Bugs Bunny and Daffy Duck might not seem to belong in a review of a searing cable drama about terrorism, but bear with me, OK? In the climax of Show Biz Bugs (1957), in which Bugs and Daffy compete for the right to claim top billing in a show, Daffy decides he’s had enough of being bested by the rabbit and hauls out his trump card, self-immolation. “I must warn those with weak constitutions to leave the theater for this performance,” the duck says, then swallows gasoline, nitro glycerine, gunpowder, uranium and a lit match, and explodes. “That’s terrific, Daffy!” Bugs exclaims from the wings, over thunderous applause. “They loved it! They want more!” “I know, I know,” says Daffy’s ghost, floating toward the rafters. “But I can only do it once!”

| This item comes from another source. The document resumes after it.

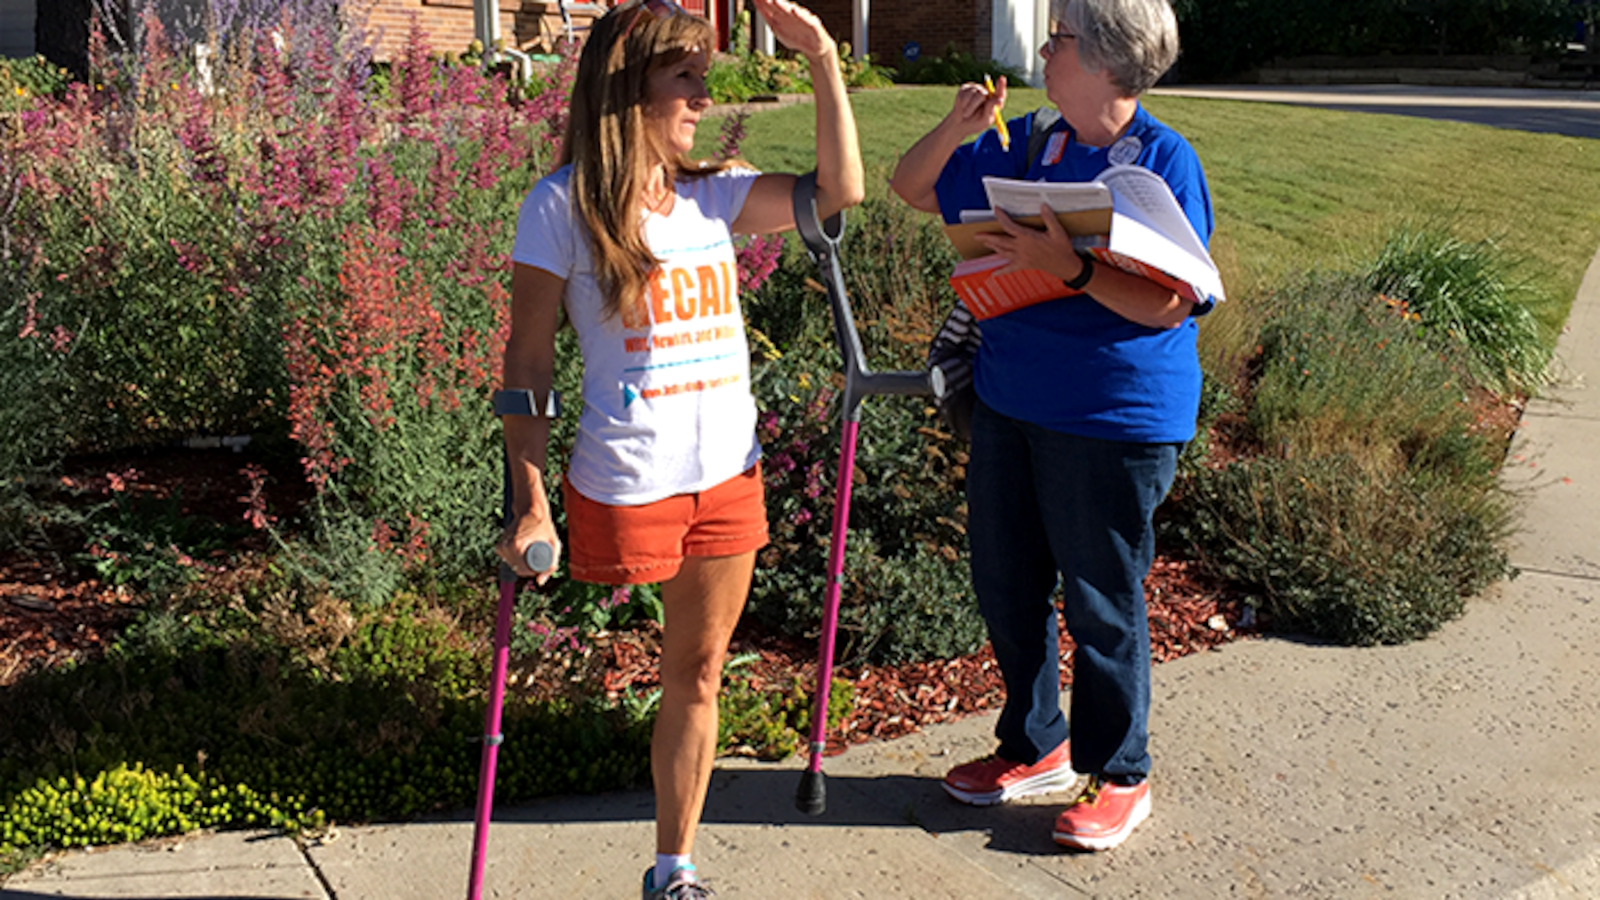 Jeffco United volunteers Annie Bitsie, left, and Nancy McCanless search for their next house to canvass Sept. 19. The two were among hundreds of volunteers knocking on doors to support the school board recall effort in Jefferson County.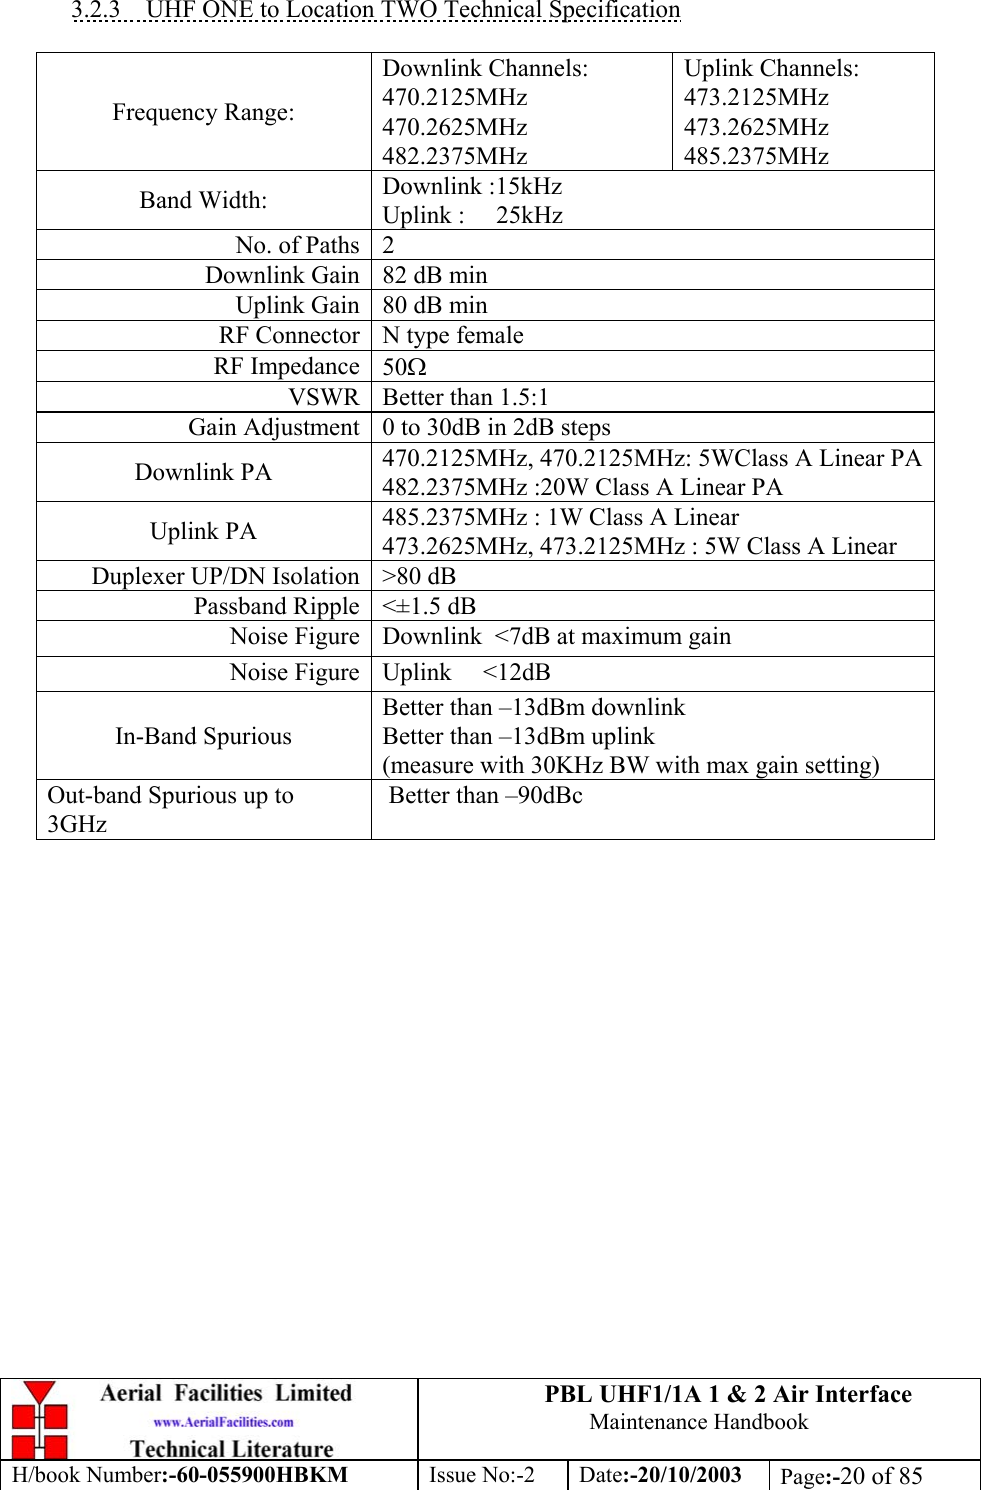 PBL UHF1/1A 1 &amp; 2 Air InterfaceMaintenance HandbookH/book Number:-60-055900HBKM Issue No:-2 Date:-20/10/2003 Page:-20 of 853.2.3    UHF ONE to Location TWO Technical SpecificationFrequency Range:Downlink Channels:470.2125MHz470.2625MHz482.2375MHzUplink Channels:473.2125MHz473.2625MHz485.2375MHzBand Width: Downlink :15kHzUplink :     25kHzNo. of Paths 2Downlink Gain 82 dB minUplink Gain 80 dB minRF Connector N type femaleRF Impedance 50ΩVSWR Better than 1.5:1Gain Adjustment 0 to 30dB in 2dB stepsDownlink PA 470.2125MHz, 470.2125MHz: 5WClass A Linear PA482.2375MHz :20W Class A Linear PAUplink PA 485.2375MHz : 1W Class A Linear473.2625MHz, 473.2125MHz : 5W Class A LinearDuplexer UP/DN Isolation &gt;80 dBPassband Ripple &lt;±1.5 dBNoise Figure Downlink  &lt;7dB at maximum gainNoise Figure Uplink     &lt;12dBIn-Band SpuriousBetter than –13dBm downlinkBetter than –13dBm uplink(measure with 30KHz BW with max gain setting)Out-band Spurious up to3GHz Better than –90dBc

As knocked out as I was by the first season finale of Homeland, a part of me worries that the series might be the self-immolating Daffy Duck of cable dramas — incapable of topping itself in future seasons because the nature of its achievements this year are innately singular, and can only be diluted by a storyline that stretches out for two-plus years. (I have the same fears about American Horror Story, and I remember having them after Twin Peaks finally revealed who killed Laura Palmer, then sort of stumbled along until ABC canceled it.)

I even worry that the only major tactical mistake that Homeland made in its 90-minute season-ender was letting Marine Sgt. Nick Brody end his weird odyssey free and unharmed at the end. If producers Howard Gordon and Alex Gansa had let Brody swallow the match, so to speak — and complete his suicidal terrorist attack, or get shot or otherwise neutralized in the State Department bunker, or be talked down by his teenage daughter Dana, or his wife Jessica or Carrie, and sent to prison — the series would have still dazzled as a stand-alone while leaving us lots of plot and motivation questions to chew over. Brody’s statement on the phone to Abu Nazir — about how it might be more advantageous to have a fifth column influencing U.S. foreign policy rather than a sleeper agent plotting a bloodbath — makes dramatic sense, and it works as a setup for a second season, one set in the heart of executive branch power rather than on the military-intelligence fringes. But it’s damned hard to imagine how a scenario like the one that Brody laid out to Nazir could produce TV more exciting than the season that we just finished watching.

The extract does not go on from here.